Сам Грубер и лица, которых он сумел перетянуть на свою сторону, стали постепенно внушать государю, что устройство римской церкви вообще, а устройство ордена иезуитов в особенности, составляют лучшую форму монархического принципа, требуя от своих членов безусловного повиновения.
Внушения эти находили отклик в воззрениях самого Павла Петровича, который, под влиянием тяжелого впечатления, произведенного на него ужасами французской революции, стал непримиримым врагом всего, что только носило хотя малейший оттенок революционных стремлений.
Работа патера Грубера и его приспешников не осталась бесплодна. Император высказался.
При возвращении с коронации из Москвы, Павел Петрович посетил проездом иезуитский монастырь в Орше. Его встретили генеральный викарий Ленкевич и иезуит Вихерт.
Входя в церковь, государь сказал знаменательные для иезуитов слова:
— Я вхожу сюда, — сказал Павел Петрович окружавшим его лицам, — не так, как входил со мною в Брюнне император Иосиф в монастырь этих почтенных господ. Первое слово императора было; «Эту комнату взять для больных, эту — для госпитальной провизии». Потом он приказал привести к нему настоятеля монастыря, и когда тот явился, обратился к нему с вопросом: «Когда же вы удалитесь отсюда?» Я же, — заключил государь, — поступаю совершенно иначе, хотя я еретик, а Иосиф был римско-католический император.
Иезуиты возликовали.
Они поняли, что при таком благоволении к ним русского императора для их деятельности в России открывалось широкое поле.
Но они также хорошо понимали, что должны сохранять союзников среди приближенных к монарху лиц.
Вскоре общество Иисуса получило поддержку в прибывшем посольстве великого магистра ордена мальтийских рыцарей и в появившихся вслед затем посольствах мальтийцев, под рыцарской тогой которых скрывались иезуиты.
Дела ордена катились как по маслу.
После описанной уже нами торжественной аудиенции, данной мальтийскому посольству, во главе которого стоял граф Джулио Литта, Павел Петрович приказал заключить с великим магистром особую конвенцию.

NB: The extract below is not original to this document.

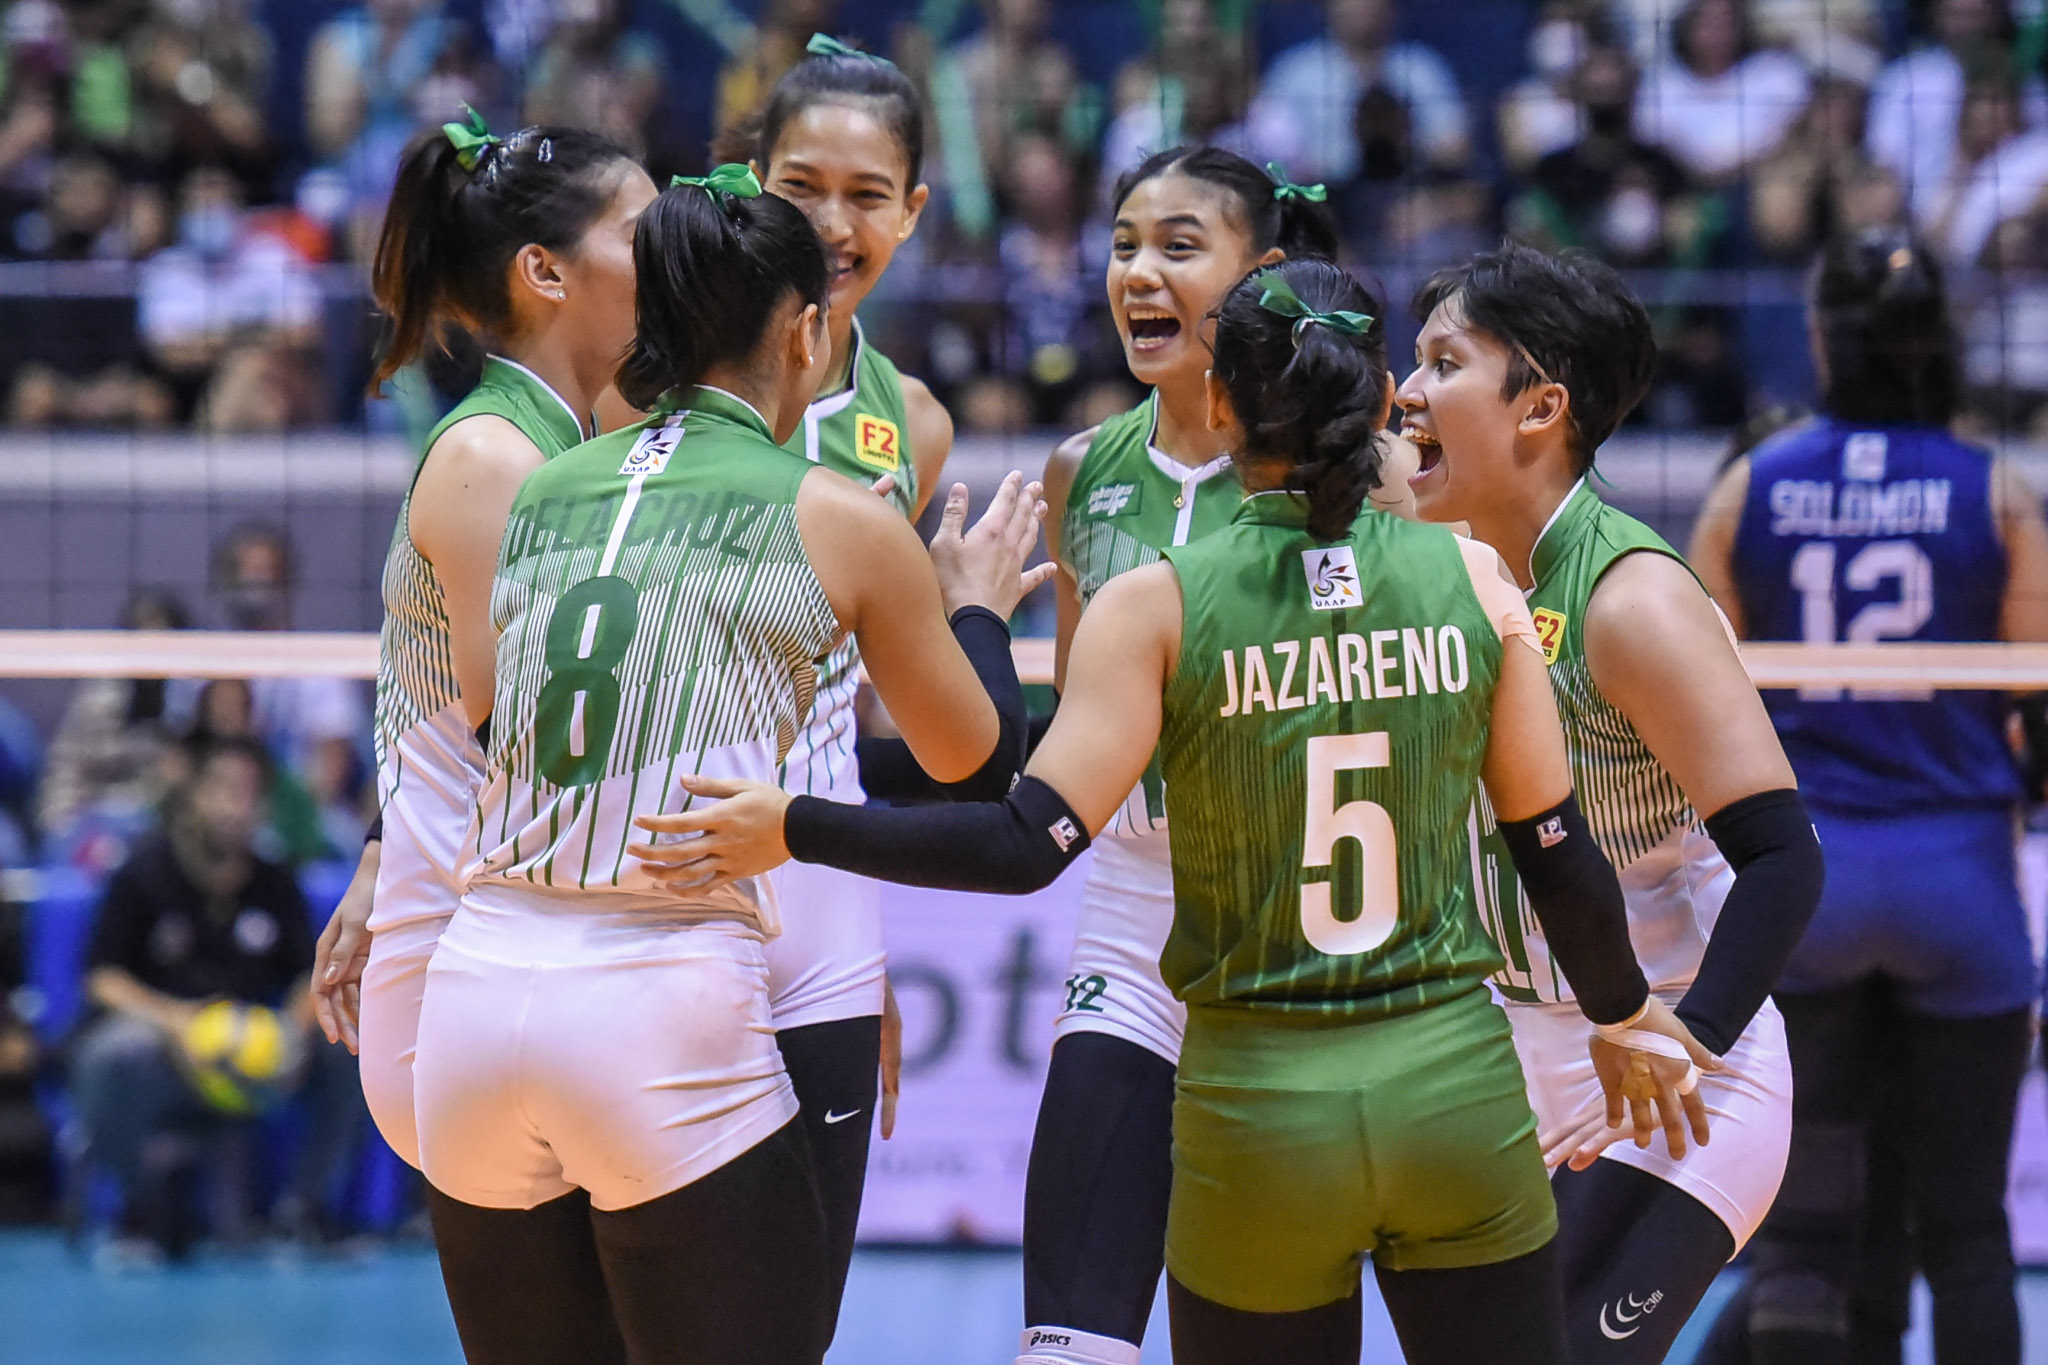 La Salle moves on cusp of UAAP women's volleyball title, NU

«Его императорское величество, — сказано было в этой конвенции, — с одной стороны соизволяя изъявить знаменитому мальтийскому ордену свое благоволение, внимание и уважение и распространить в областях своих заведение сего ордена, существующее уже в Польше и особливо в присоединенных ныне к Российской державе областях польских, и желая также доставить собственным своим подданным, кои могут быть приняты в знаменитый мальтийский орден, все выгоды и почести, из сего проистекающие; с другой стороны, державный мальтийский орден и „его преимущество“ гроссмейстер, зная всю цену благоволения его императорского величества к ним, важность и пользу такого заведения в Российской империи, и желая, со своей стороны, соответствовать мудрым и благотворительным распоряжениям его императорского величества всеми средствами и податливостью, совместными с установлениями и законами ордена, с общего согласия между высокодоговаривающими странами условились об установлении сего ордена в России».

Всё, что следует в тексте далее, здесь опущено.